Installation is made easy due to conda environments. Simply run conda env create -f environment.yml from the root project directory and conda will create an environment called lecture2notes with all the required packages from environment.yml.

..note:: Read the paper for more in-depth explanations regarding the background, methodology, and results of this project.

Info About Optional Components

Certain functions in the End-To-End file require additional downloads. If you are not using the transcribe feature of the End-To-End approach then this notice can safely be ignored. These extra files may not be necessary depending on your configuration. To use the similarity function to compare two transcripts a spacy model is needed, which you can learn more about on the spacy starter models and core models documentation.

The default transcription method in the End-To-End process is to use vosk. You need to download a vosk model from the models page (Google Drive Mirror) to use this method or you can specify a different method with the --transcription_method flag such as --transcription_method wav2vec.

The End-To-End contains a function called detect_figures(). This function requires the EAST (Efficient and Accurate Scene Text Detector) model by default due to the do_text_check argument defaulting to True. See the docstring for more information. You can download the model from Dropbox (this link was extracted from the official code) or Google Drive (my mirror). Then just extract the file by running tar -xzvf frozen_east_text_detection.tar.gz.

Quick-Install (Copy & Paste)

git clone
cd lecture2notes
conda env create
conda activate lecture2notes
python -m spacy download en_core_web_sm
gdown "" -O lecture2notes/end_to_end/model_best.ckpt

Extras (Linux Only):

Install extras only after the above commands have been run.

sudo apt install curl
sudo curl -L -o /usr/local/bin/youtube-dl
sudo chmod a+rx /usr/local/bin/youtube-dl
sudo apt install ffmpeg sox wget poppler-utils

Commands to download a Vosk model (needed for speech-to-text) are available on the 4. Vosk transcription method page.

Step-by-Step Instructions

  1. Clone this repository: git clone

  2. Change to project directory: cd lecture2notes.

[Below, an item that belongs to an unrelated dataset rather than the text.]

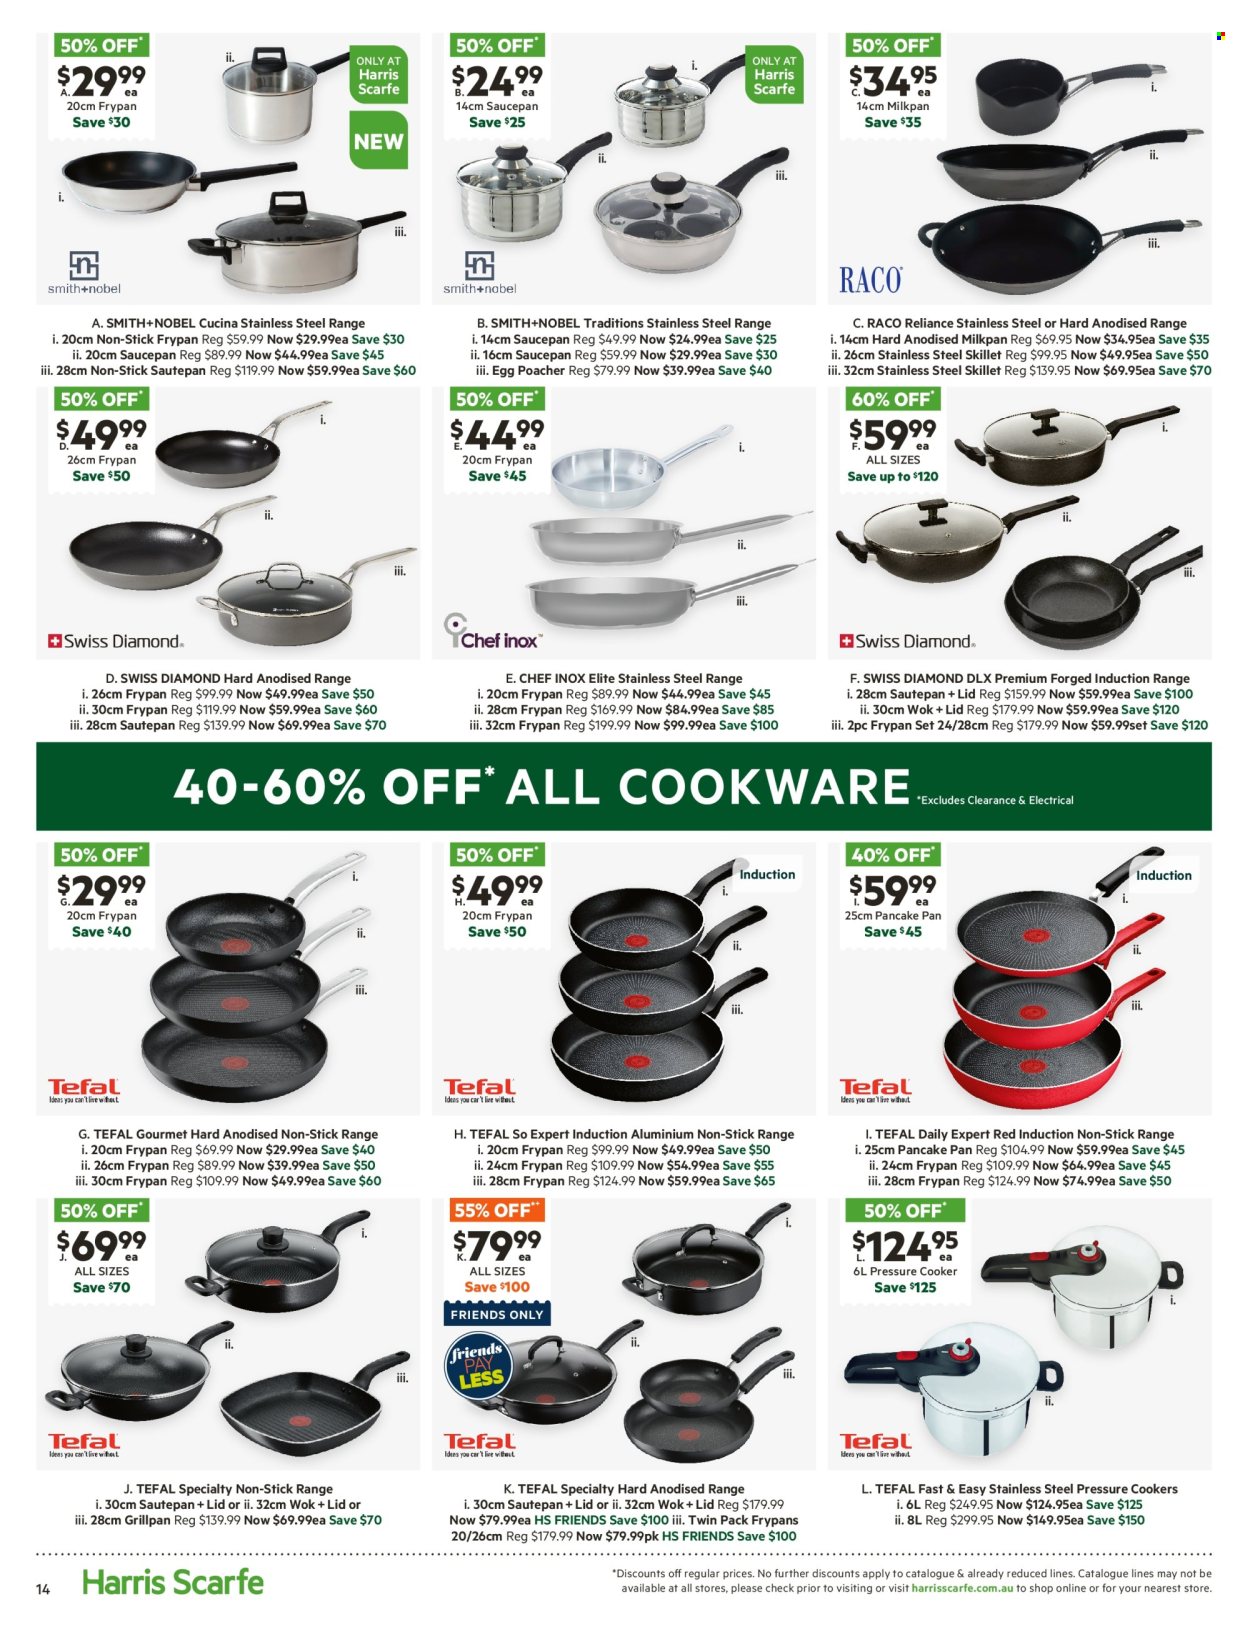 thumbnail - Harris Scarfe Catalogue - Sales products - Tefal, cookware set, lid, pressure cooker, pan, wok, saucepan, frying pan, Smith+Nobel, eggs. Page 14.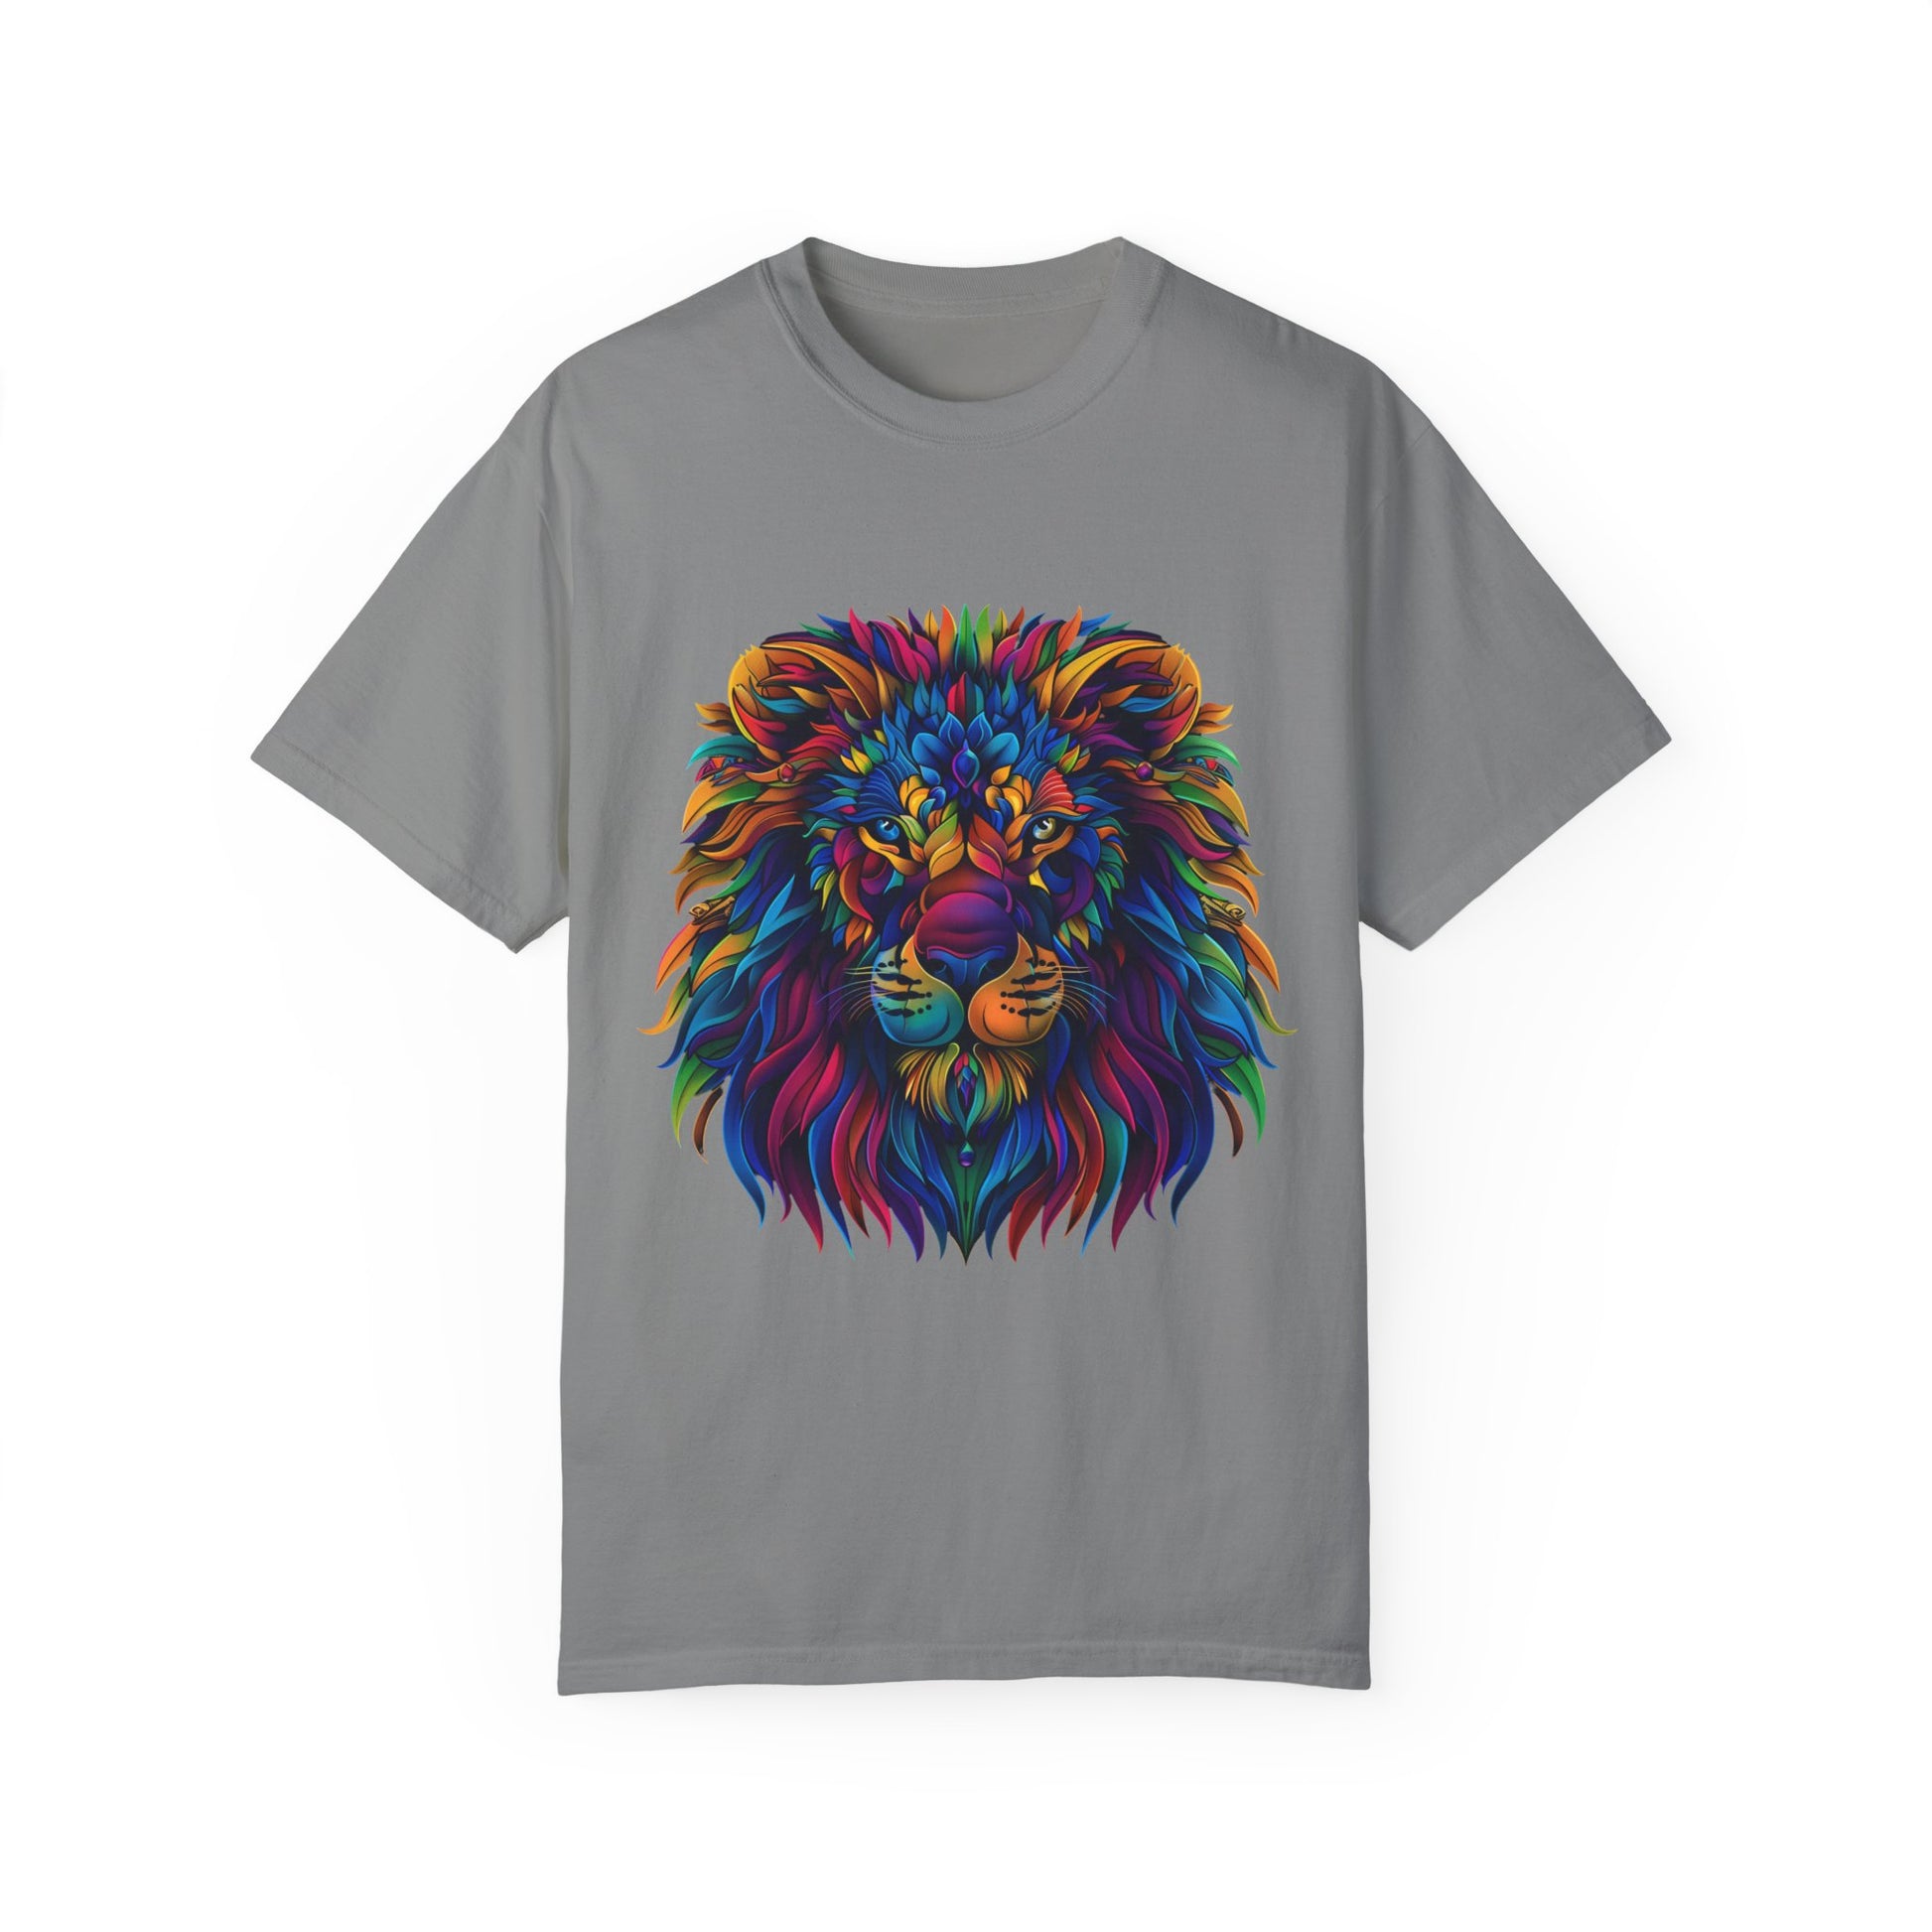 Lion Head Cool Graphic Design Novelty Unisex Garment-dyed T-shirt Cotton Funny Humorous Graphic Soft Premium Unisex Men Women Granite T-shirt Birthday Gift-14

  3. Run installation command: conda env create.

  4. Activate newly created conda environment: conda activate lecture2notes.

  5. Run gdown “” -O lecture2notes/end_to_end/model_best.ckpt from the project root to download the slide classification model and put it in the default expected location.

  6. Other Binary Packages: Install ffmpeg, sox, wget, and poppler-utils with sudo apt install ffmpeg sox wget poppler-utils if on linux. Otherwise, navigate to the sox homepage to download sox, the youtube-dl homepage (GitHub) to download youtube-dl, and follow the directions in this StackOverflow answer (Windows) to install poppler-utils for your platform. ffmpeg is needed for frame extraction in Dataset and End-To-End. sox is needed for automatic audio conversion during the transcription phase of End-To-End. 1 wget is used to download videos that are not on youtube as part of the video_downloader scraper script in Dataset.

  7. End-To-End Process Requirements (Optional)
    1. Spacy: Download the small spacy model by running python -m spacy download en_core_web_sm in the project root. This is required to use certain summarization and similarity features (as discussed above). A spacy model is also required when using spacy as a feature extractor in end_to_end/ 2

    2. DeepSpeech/Vosk: Download the DeepSpeech model (the .pbmm acoustic model and the scorer) from the releases page. To reduce complexity save them to deepspeech-models in the project root. 3 Alternatively, it is recommended to download the small vosk model using the commands on the 4. Vosk transcription method page.

    3. EAST: Download the EAST model from Dropbox or by running gdown Extract it to the End-To-End directory by running tar -xzvf frozen_east_text_detection.tar.gz -C end_to_end/

  8. Dataset Collection Requirements (Optional) YouTube API
    1. Run cp .env.example .env to create a copy of the example .env file.

    2. Add your YouTube API key to your .env file.

    3. You can now use the scraper scripts to scrape YouTube and create the dataset needed to train the slide classifier.

  9. Transcript Download w/YouTube API (Not Recommended) If you want to download video transcripts with the YouTube API 4, place your client_secret.json in the dataset/scraper-scripts folder (if you want to download transcripts with the scraper-scripts) or in End-To-End (if you want to download transcripts in the entire end-to-end process that converts a lecture video to notes).



If your audio is 16000Hz, 1 channel, and .wav format, then sox is not needed.


The default is not to use spacy for feature extraction but the large model (which can be downloaded with python -m spacy download en_core_web_lg) is the default if spacy is manually chosen. So make sure to download the large model if you want to use spacy for feature extraction.


Folder name and location do not matter. Just make sure the scorer and model are in the same directory. The scripts will automatically detect each when given the path to the folder containing them.


The default is to use youtube-dl which needs no API key.